Juntou documentos. 2.
Audiência inexitosa quanto à resolução amigável da lide.
Contestando, o réu erigiu a prefacial de falta de interesse de agir.
Arguiu as prejudiciais de mérito de prescrição e decadência.
No mérito, alegou que a autora assinou contrato de cartão de crédito por meio do qual recebeu valores em conta bancária de sua titularidade.
Arguiu que os valores descontados em folha de pagamento se referem apenas ao pagamento mínimo da fatura para abater no valor da dívida, de acordo com a margem consignável e tudo nos termos do que fora pactuado entre as partes, aduzindo inexistir ato ilícito ou dever de indenizar. É o breve relatório, não obstante dispensa legal (art. 38, da Lei 9.099/95).
Examinados, discuto e passo a decidir. 3.
De início, não merece prosperar a preliminar de ausência de interesse processual.
Tal deve ser verificado sob o binômio necessidade/utilidade da tutela jurisdicional.
Sendo a propositura da ação indispensável para a satisfação da pretensão vindicada pela parte autora, encontra-se patente o seu interesse de agir.
Lídimo buscar a via judicial para resolver eventual litígio, ainda que não buscada a sua solução, primeiramente, na esfera administrativa.
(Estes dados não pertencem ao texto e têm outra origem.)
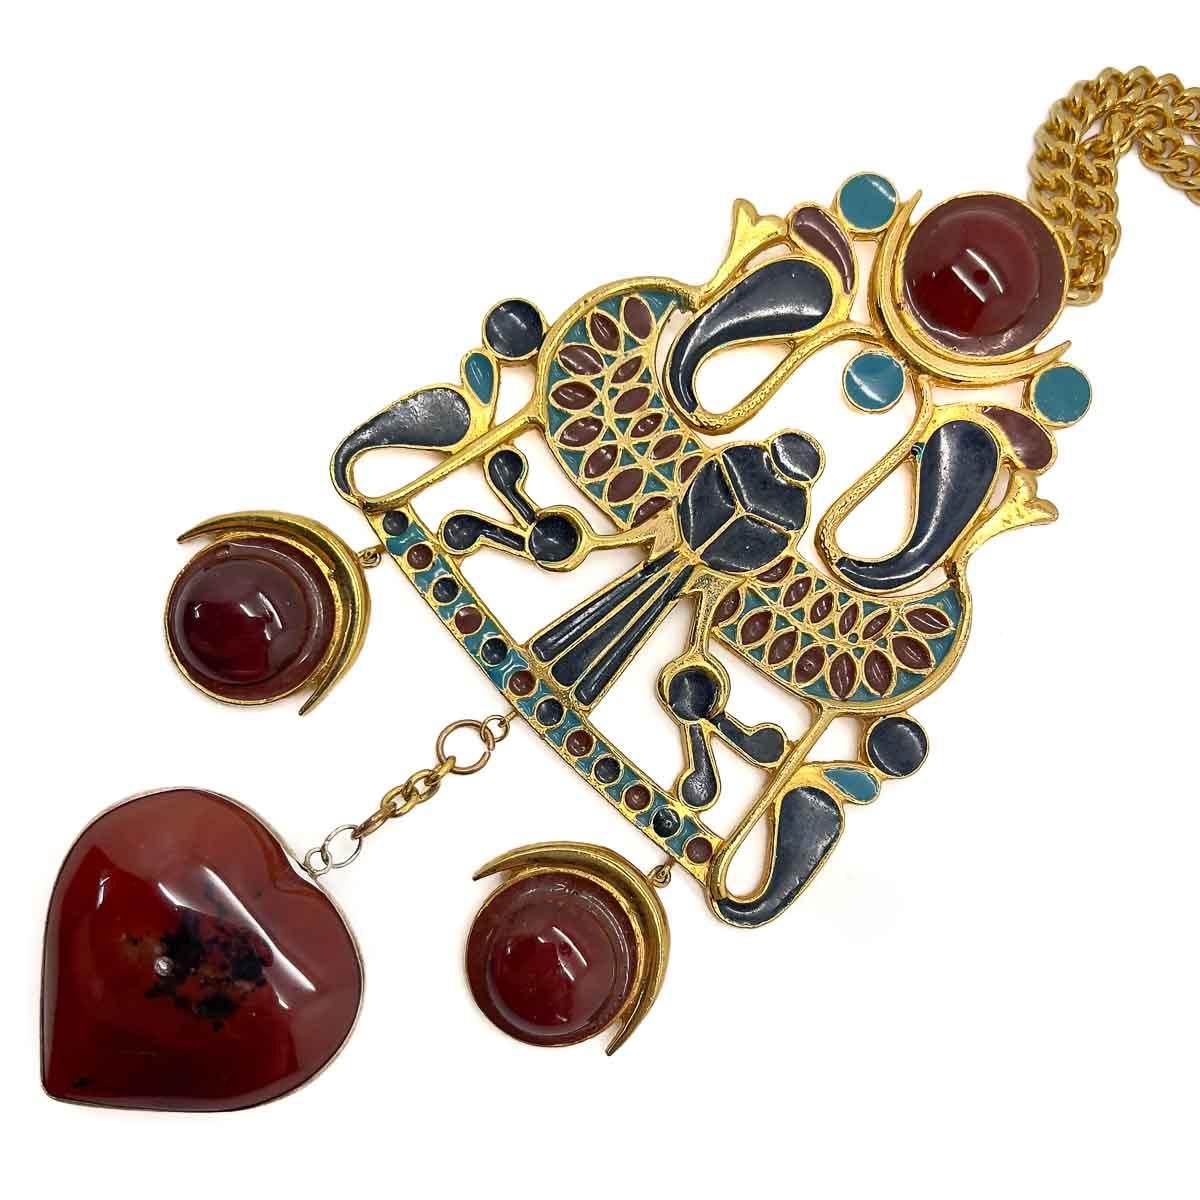 Collier Vintage Adrian Mann de style néo-égyptien. Un énorme collier pectoral inspiré du renouveau égyptien des années 1970. L'attention portée aux détails ainsi que l'échelle de cette pièce sont fascinantes. L'émail bleu marine, turquoise et brun

Ressalve-se que a ausência de requerimento na via administrativa não inviabiliza a postulação em juízo, pelo interessado, do que entende lhe ser de direito, mormente em razão do que dispõe o art. 5º, XXXV, da Constituição Federal, que preleciona o seguinte: “a lei não excluirá da apreciação do Poder Judiciário lesão ou ameaça a direito”.
Havendo, assim, a arguição fundada na existência de prova de sua ocorrência, exsurge, pois, como evidente, interesse processual a ser examinado.
Rejeito assim a preliminar erigida. 4.
Deve-se pontuar a respeito da prescrição desta demanda.
Importa mencionar que o prazo prescricional aplicável in casu é o estabelecido no art. 27 do Código de Defesa do Consumidor.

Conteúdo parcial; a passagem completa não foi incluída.